Data shown:
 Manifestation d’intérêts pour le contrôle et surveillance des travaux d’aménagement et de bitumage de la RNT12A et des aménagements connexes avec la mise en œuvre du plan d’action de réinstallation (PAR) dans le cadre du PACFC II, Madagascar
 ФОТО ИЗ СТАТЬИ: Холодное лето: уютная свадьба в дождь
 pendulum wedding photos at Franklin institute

--

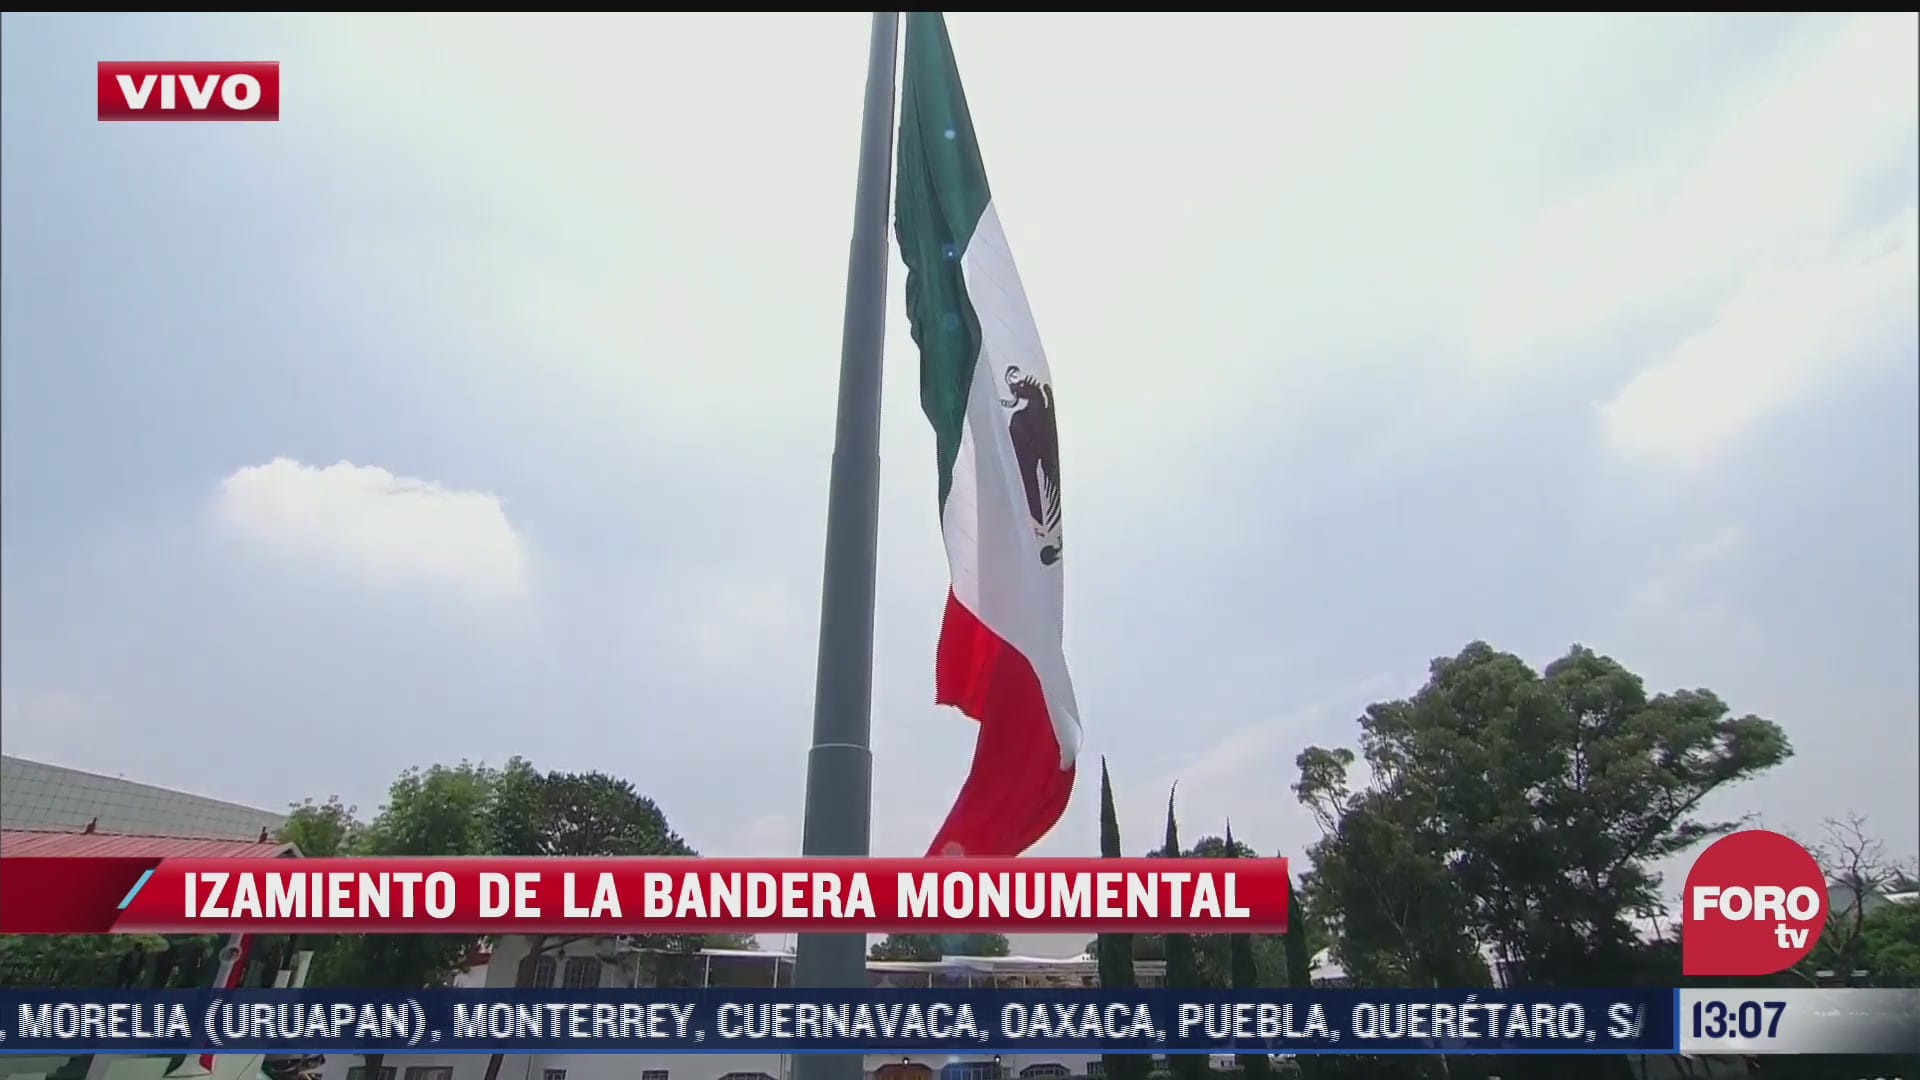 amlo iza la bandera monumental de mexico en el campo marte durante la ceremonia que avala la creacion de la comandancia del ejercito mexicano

What you should do: Retype only this portion of the data above: the line containing "ФОТО ИЗ СТАТЬИ: Холодное", the line containing "pendulum wedding photos", and all lines between them, exactly.

Solution:
 ФОТО ИЗ СТАТЬИ: Холодное лето: уютная свадьба в дождь
 pendulum wedding photos at Franklin institute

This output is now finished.